Add Fuzzy Matching Feature to Enhance Duplicate Detection

anushka4124 commented 3 weeks ago

I would like to propose a new feature to enhance the duplicate detection capabilities of TwinTrim by introducing fuzzy matching technique. Currently, the tool relies on strict hashing to identify duplicate files, which works well for exact duplicates. However, many users might encounter near-duplicate files—files that are not identical but share high content similarity (e.g., different versions of documents, edited images).

The fuzzy matching feature would:

Use similarity metrics (such as Jaccard index or Levenshtein distance) to detect files with slight differences.
Help identify near-duplicates, reducing redundancy and improving storage efficiency.
Allow users to set a similarity threshold to control the sensitivity of the fuzzy matching.

I have already implemented an initial version of this feature by creating a new fuzzy.py file. This includes a method _find_fuzzyduplicates that uses fuzzy matching to detect near-duplicates.

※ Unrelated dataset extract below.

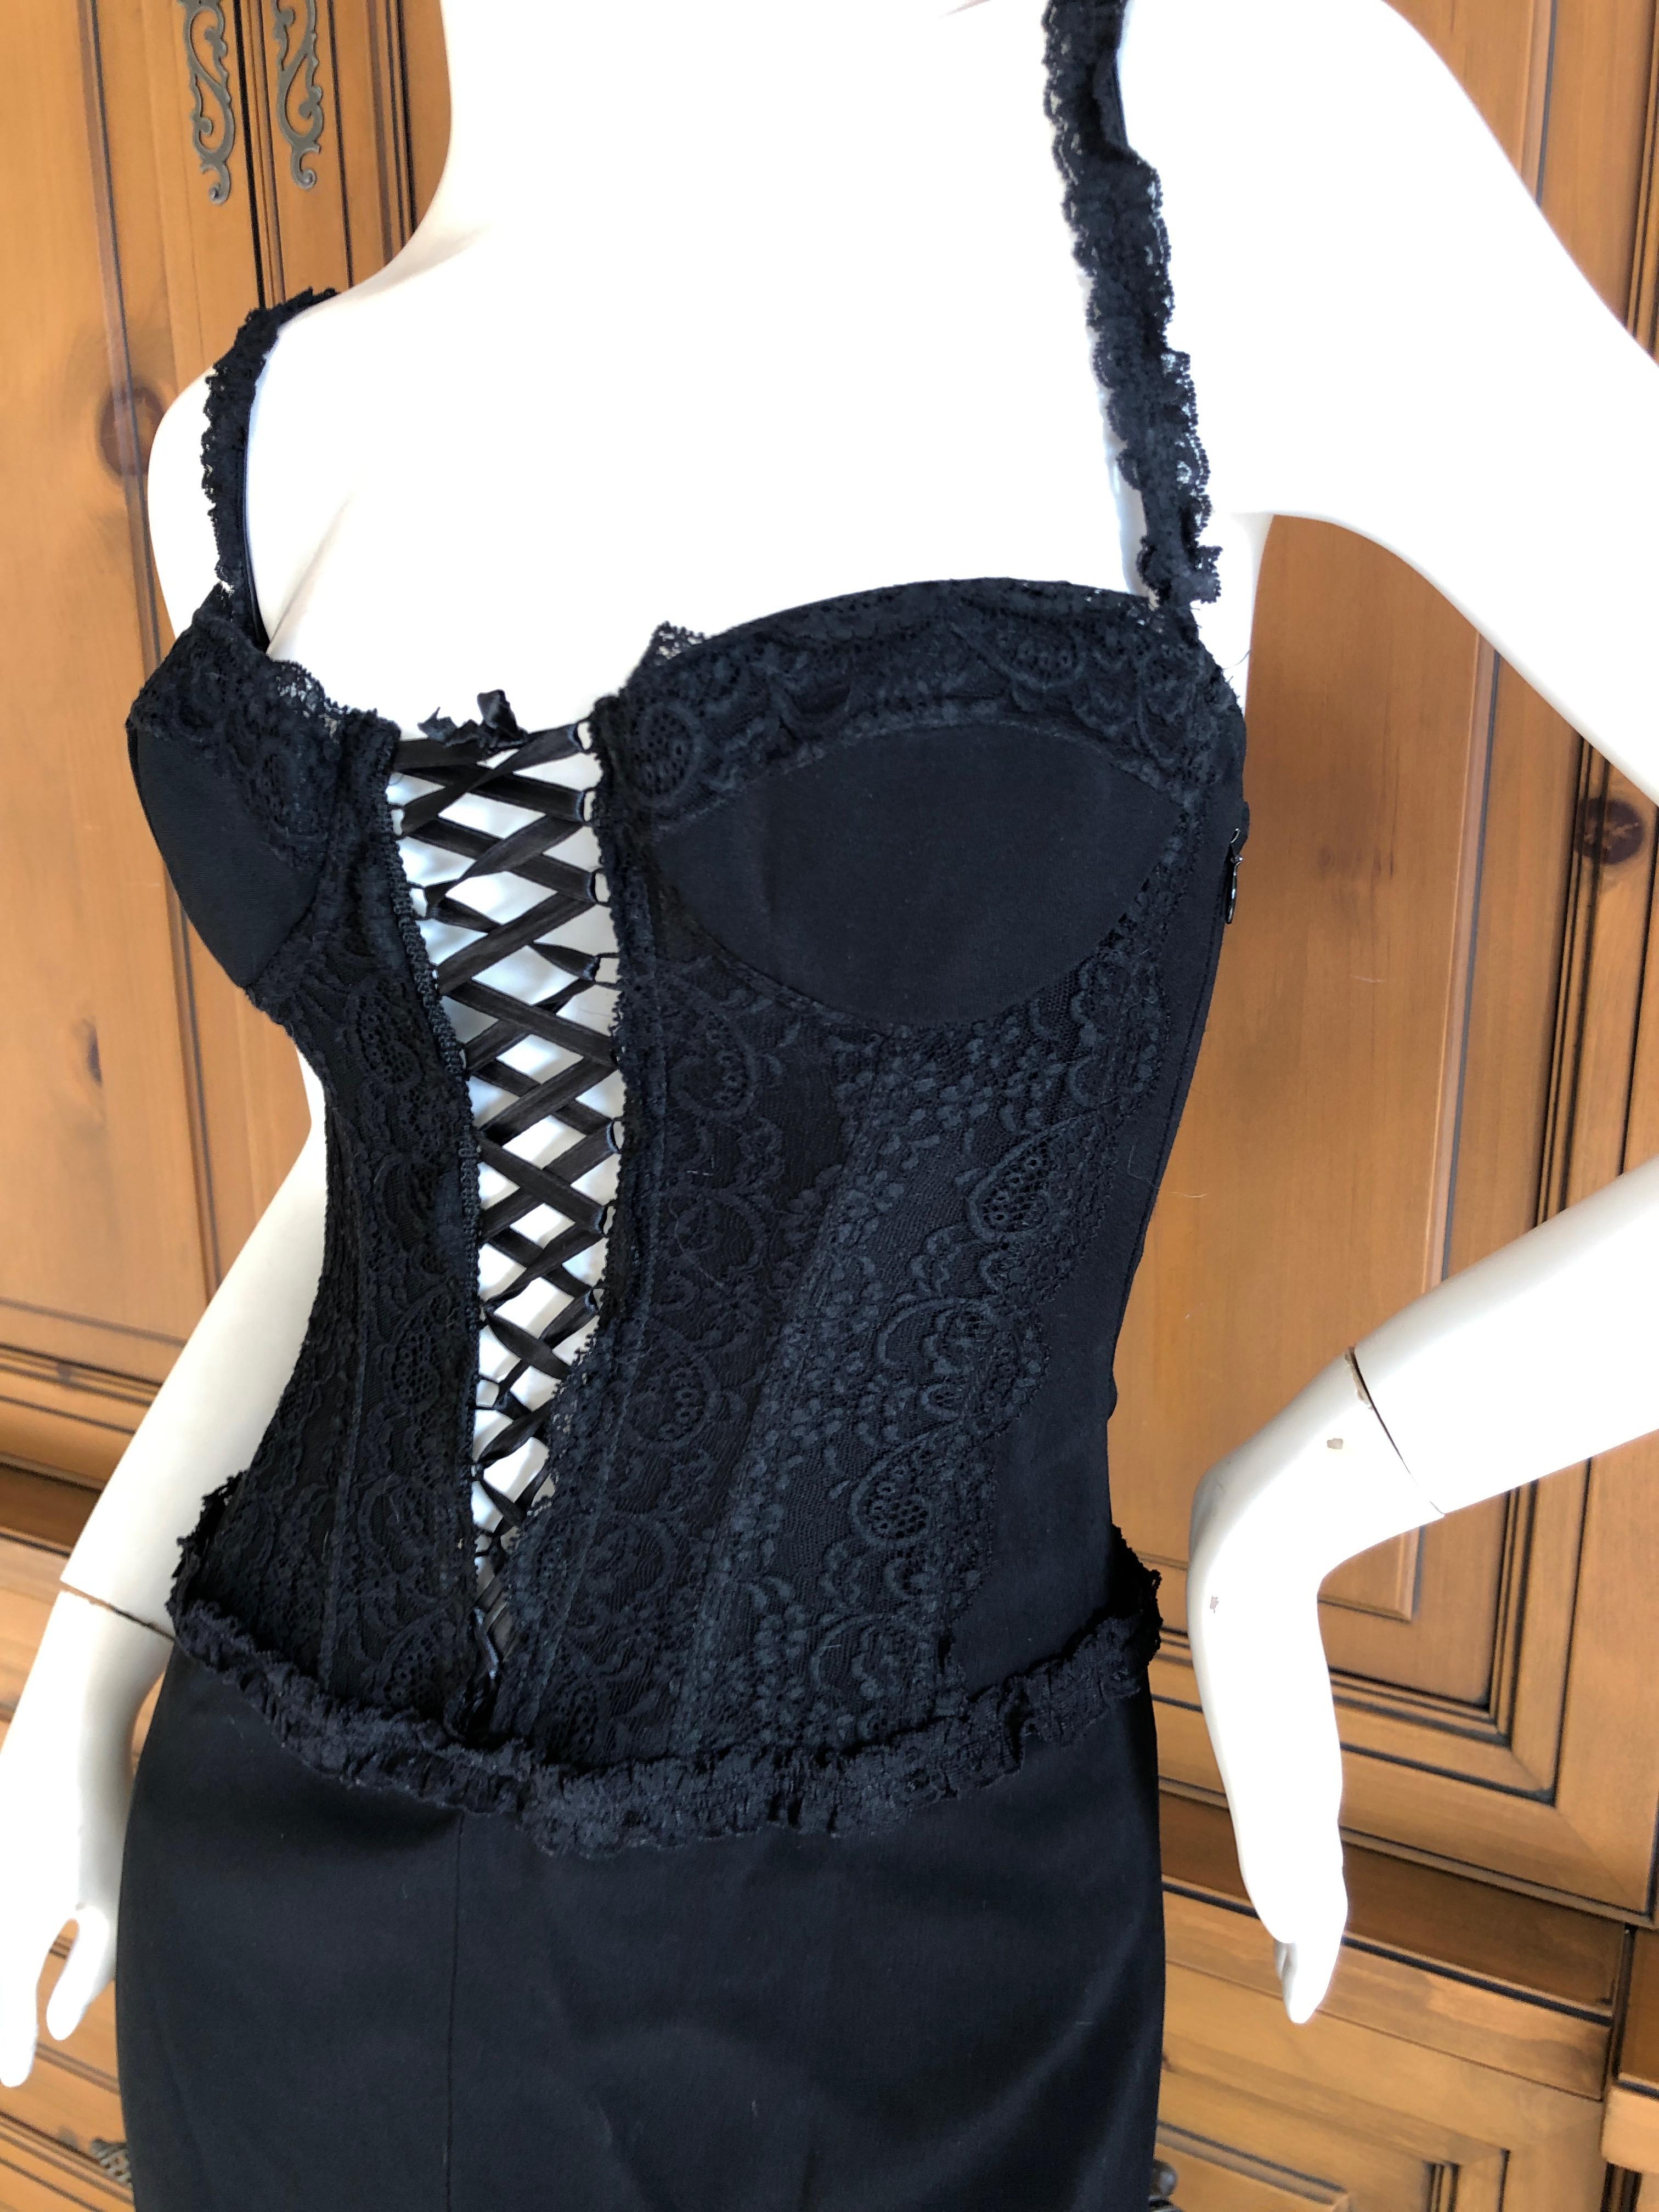 Moschino Cheap & Chic Vintage 1980's Plunging Corset Lace Evening Dress For Sale 7
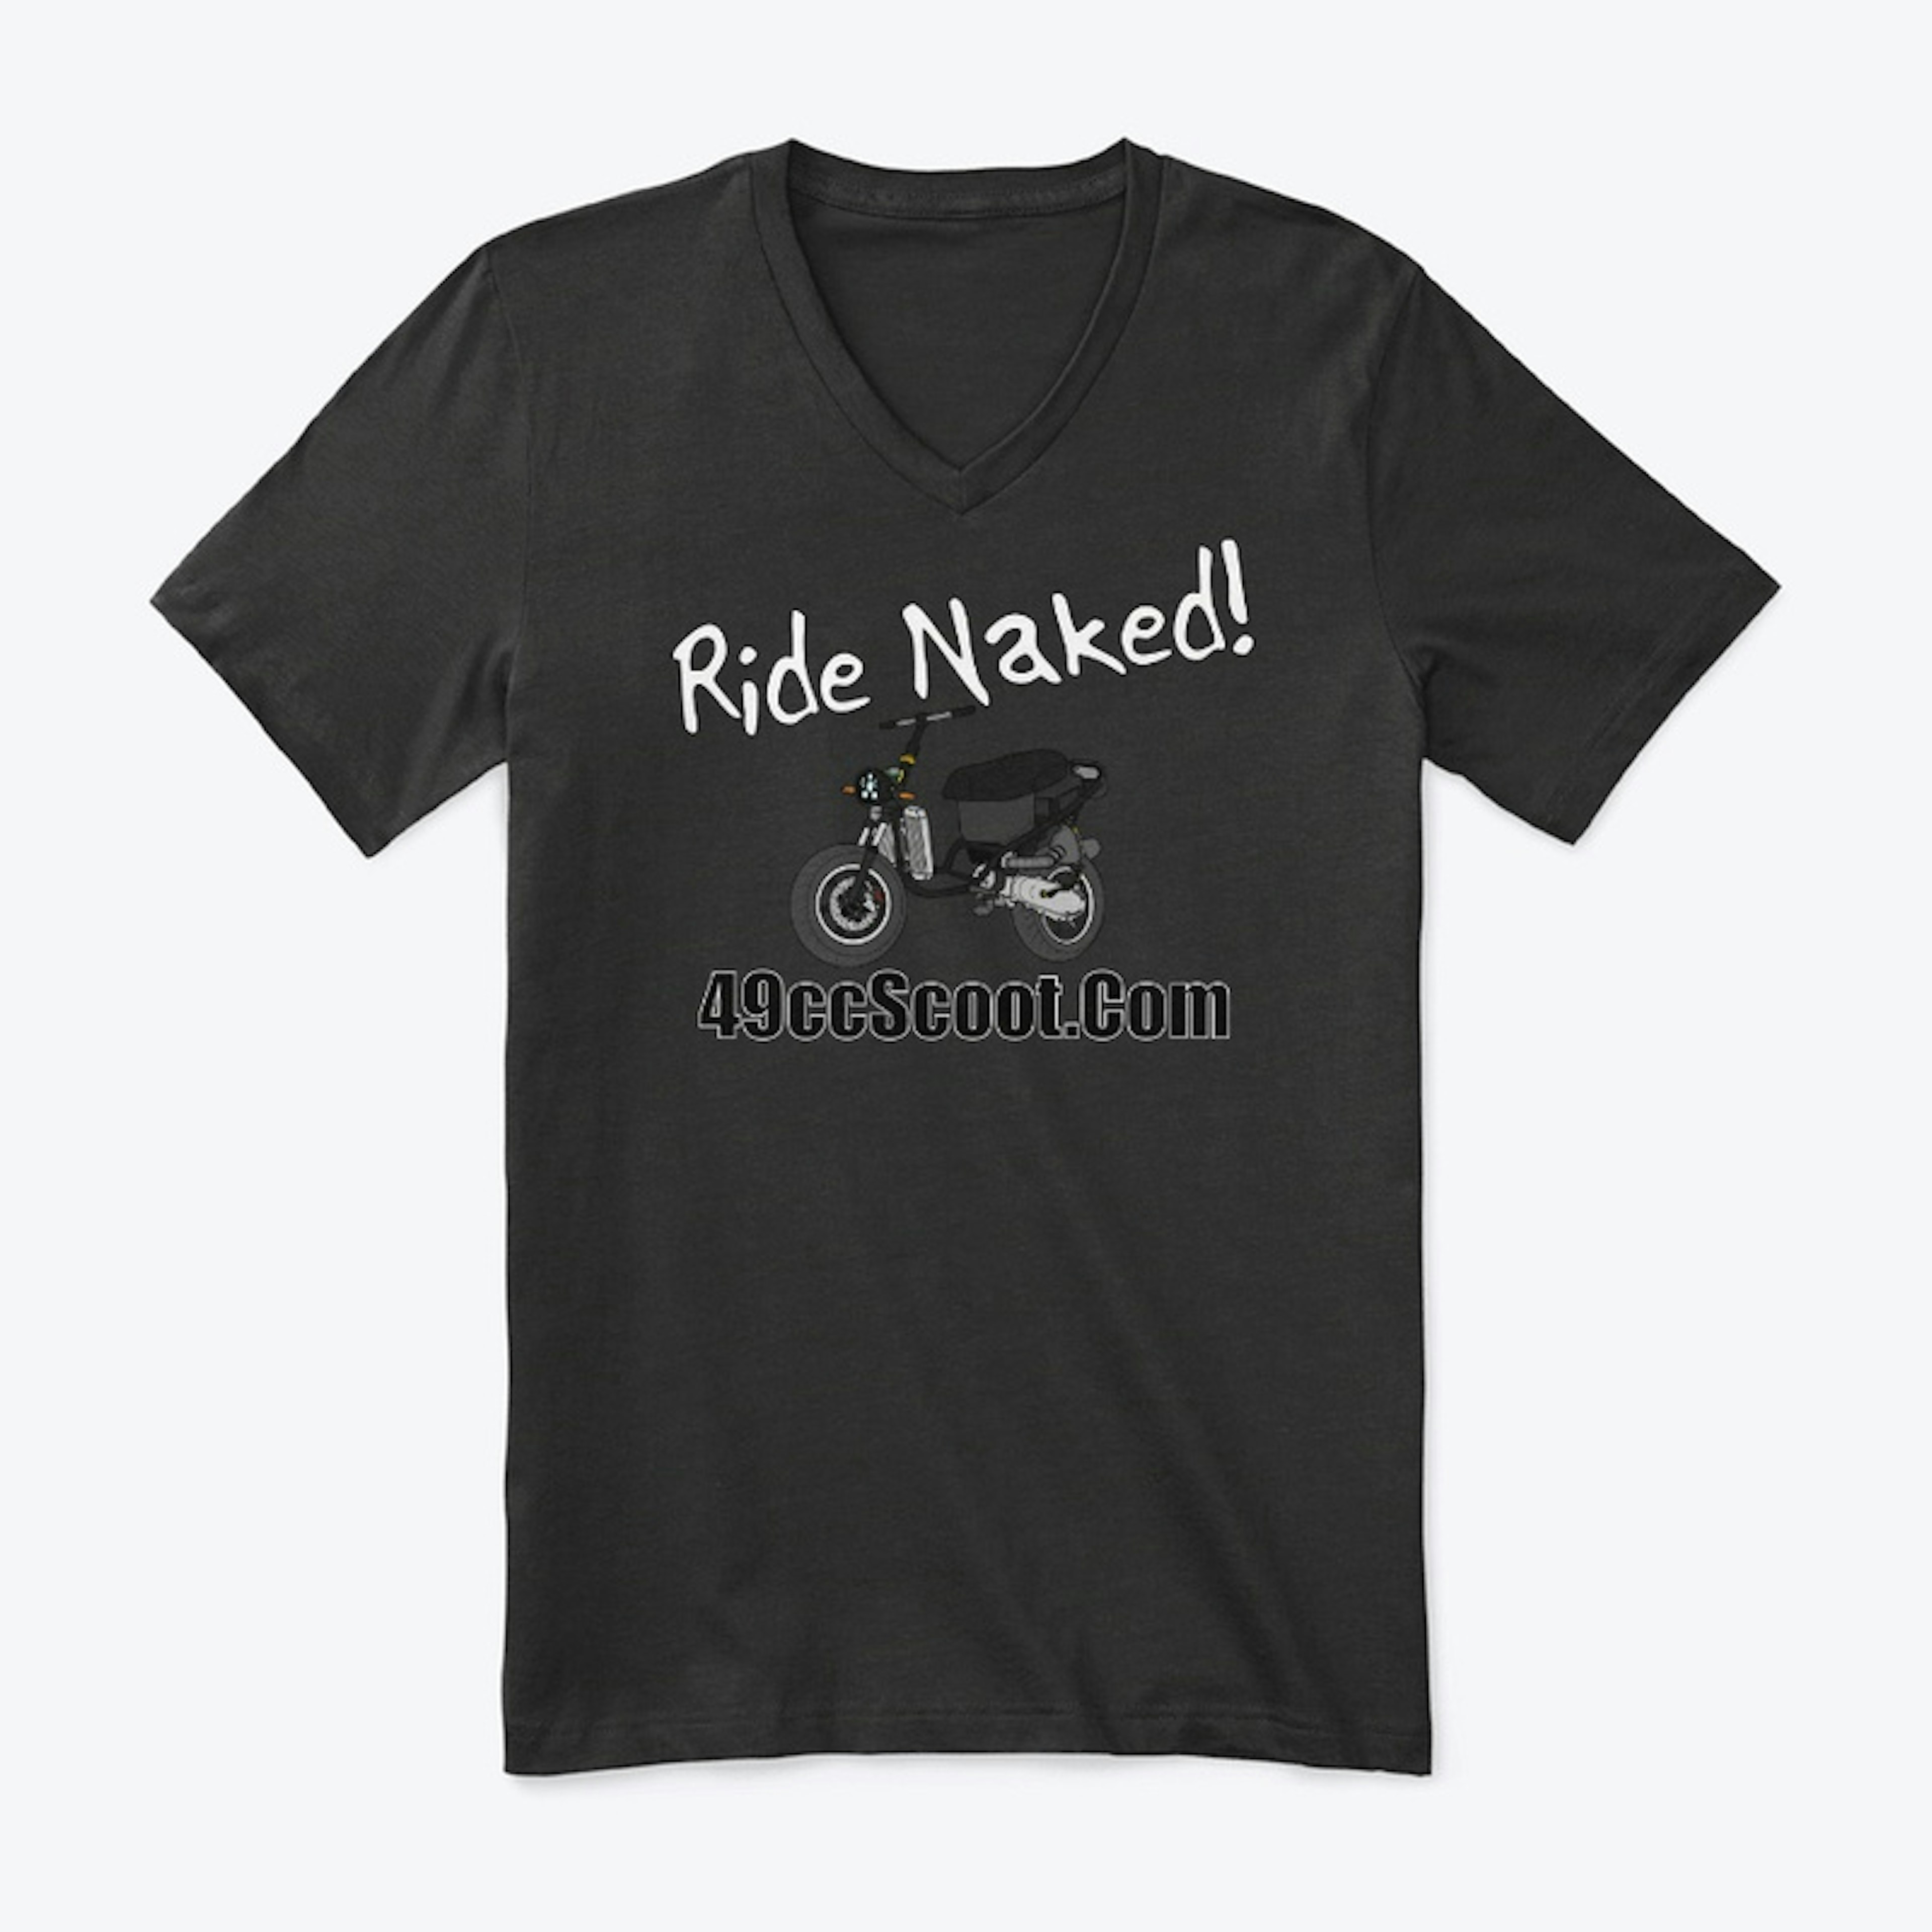 Ride Naked!

If you like the idea, please assign me the task of developing upon this feature @Kota-Karthik

Kota-Karthik commented 3 weeks ago

@anushka4124 It sounds good You can make changes and try to retain folder structure , Also add a separate flag --fuzzy-duplicates But remember this flag shouldn't be taking much time for scanning and finding fuzzy duplicates @techy4shri Please add necessary labels

anushka4124 commented 3 weeks ago

@anushka4124 It sounds good You can make changes and try to retain folder structure , Also add a separate flag --fuzzy-duplicates But remember this flag shouldn't be taking much time for scanning and finding fuzzy duplicates @techy4shri Please add necessary labels

I have already made a PR having done all the changes that were required for the Fuzzy Duplicate File Detection. Please have a look at it! @Kota-Karthik

techy4shri commented 3 weeks ago

@anushka4124 you cannot make a PR wihout being assinged to an issue first, I will be rejecting that PR. Make a new PR and follow the template to ensure it gets reviewed and merged successfully.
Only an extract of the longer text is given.